▶ _Problem to work on_:
Look below for the line containing "Nike Air Max"; from there through the line containing "Logistics Tech Shorts", both lines included, please set down each line exactly and nothing else.

▶ _Exercise materials_:

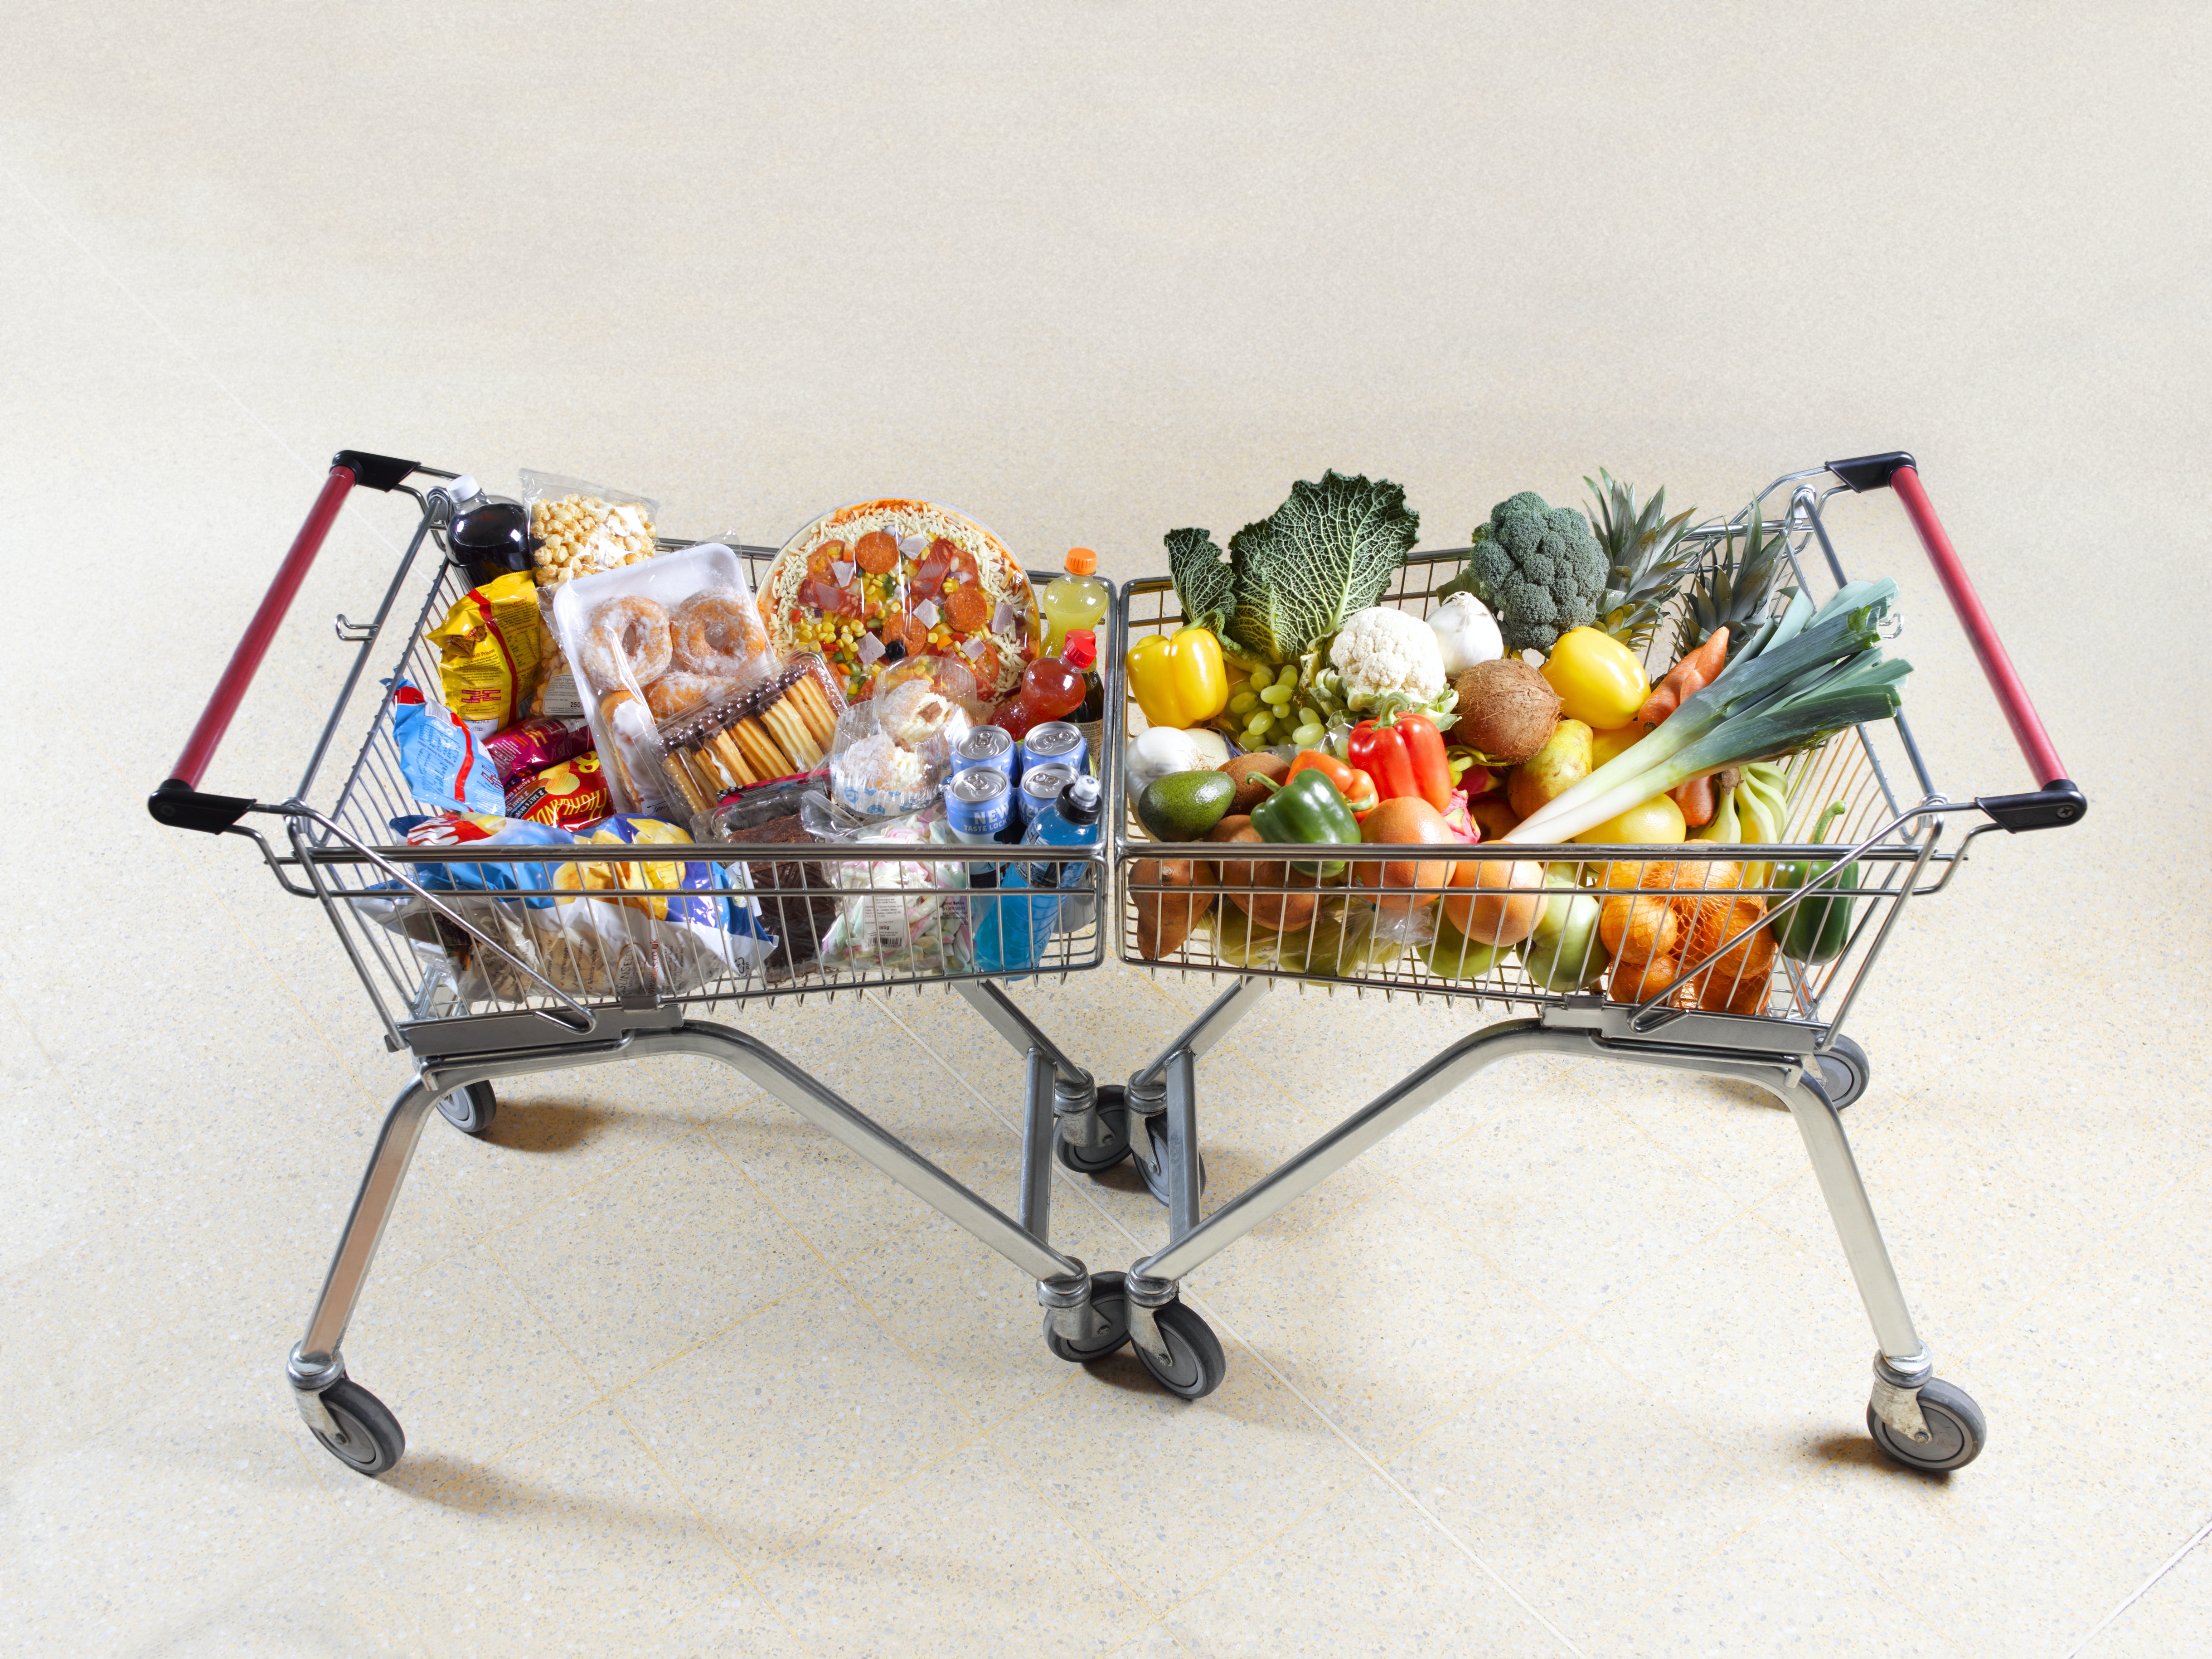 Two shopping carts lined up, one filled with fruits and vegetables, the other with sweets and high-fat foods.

...

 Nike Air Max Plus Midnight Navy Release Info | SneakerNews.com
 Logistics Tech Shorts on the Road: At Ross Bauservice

---

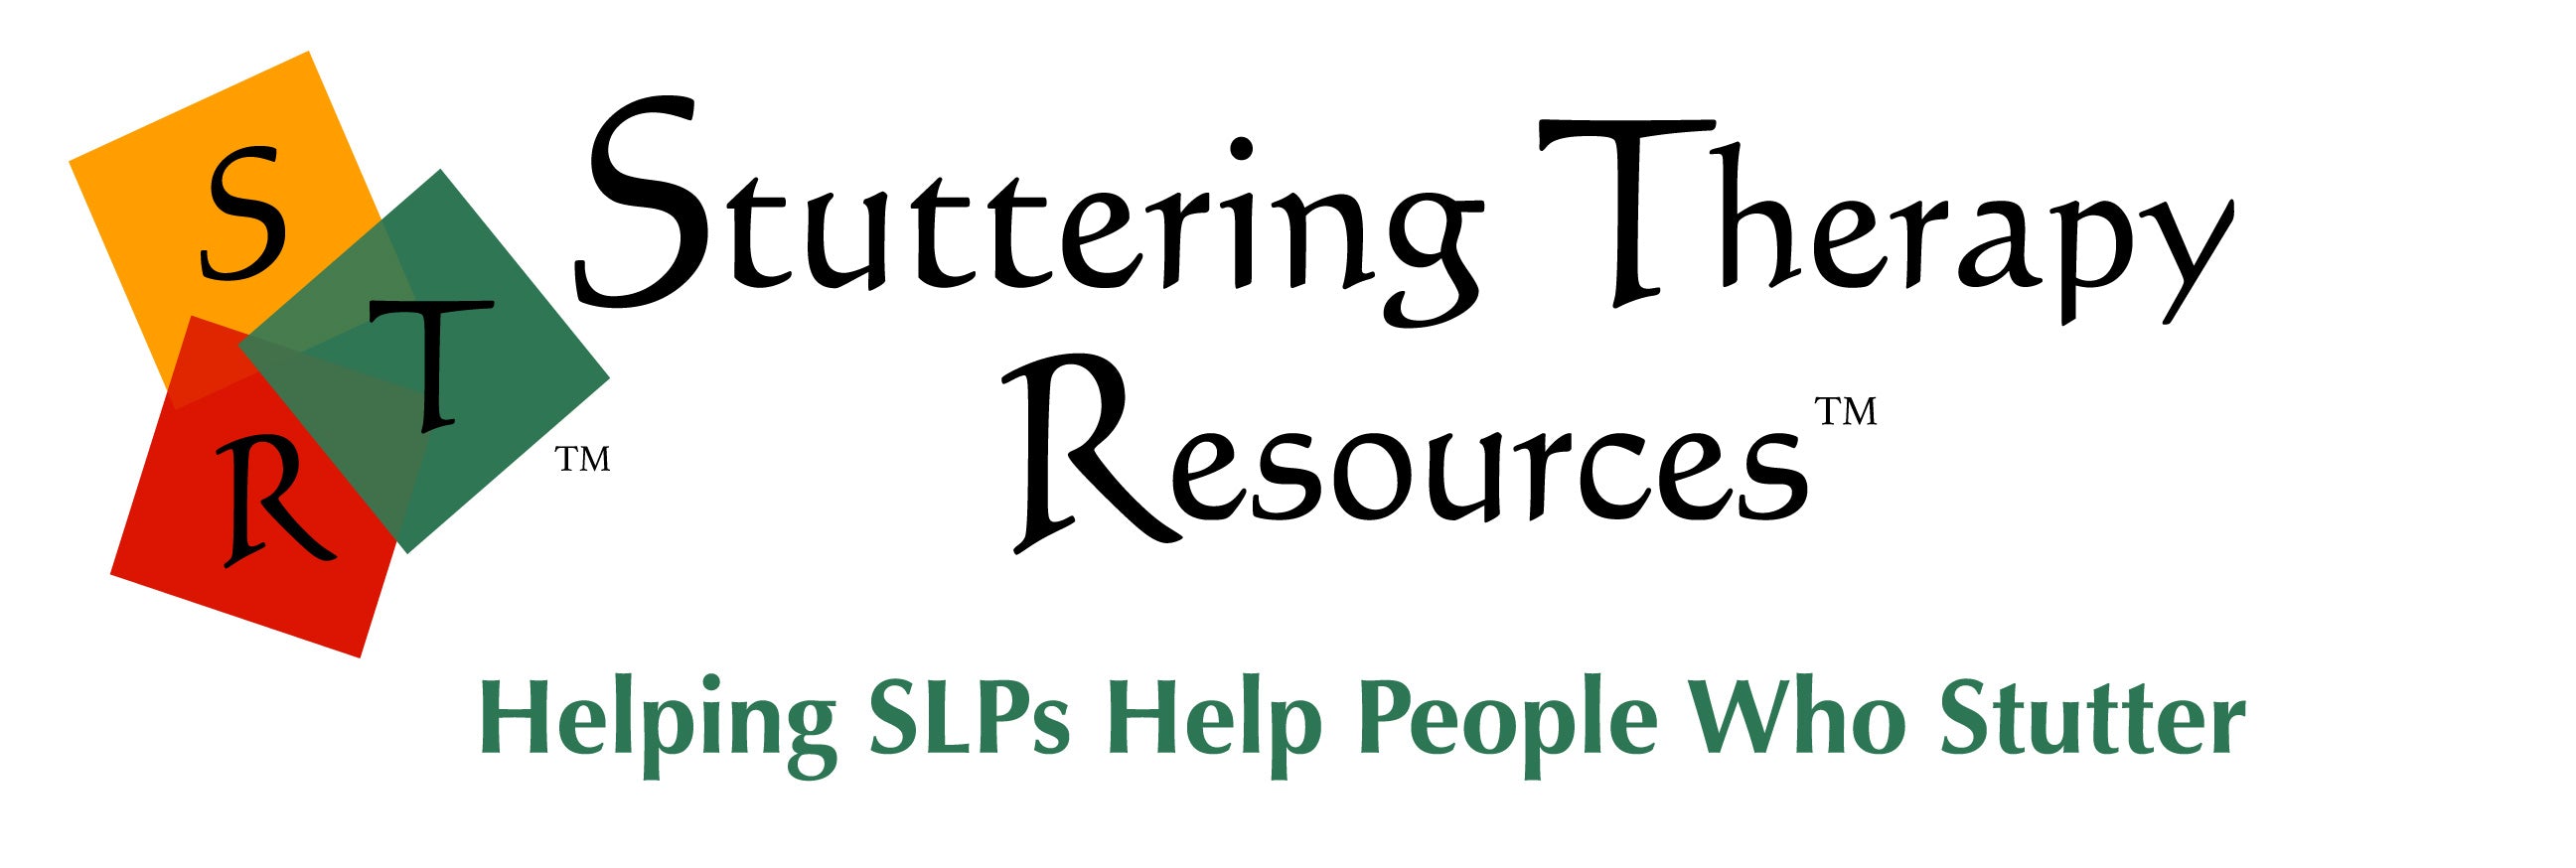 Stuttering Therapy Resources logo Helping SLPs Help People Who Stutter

▶ _Result_:
 Nike Air Max Plus Midnight Navy Release Info | SneakerNews.com
 Logistics Tech Shorts on the Road: At Ross Bauservice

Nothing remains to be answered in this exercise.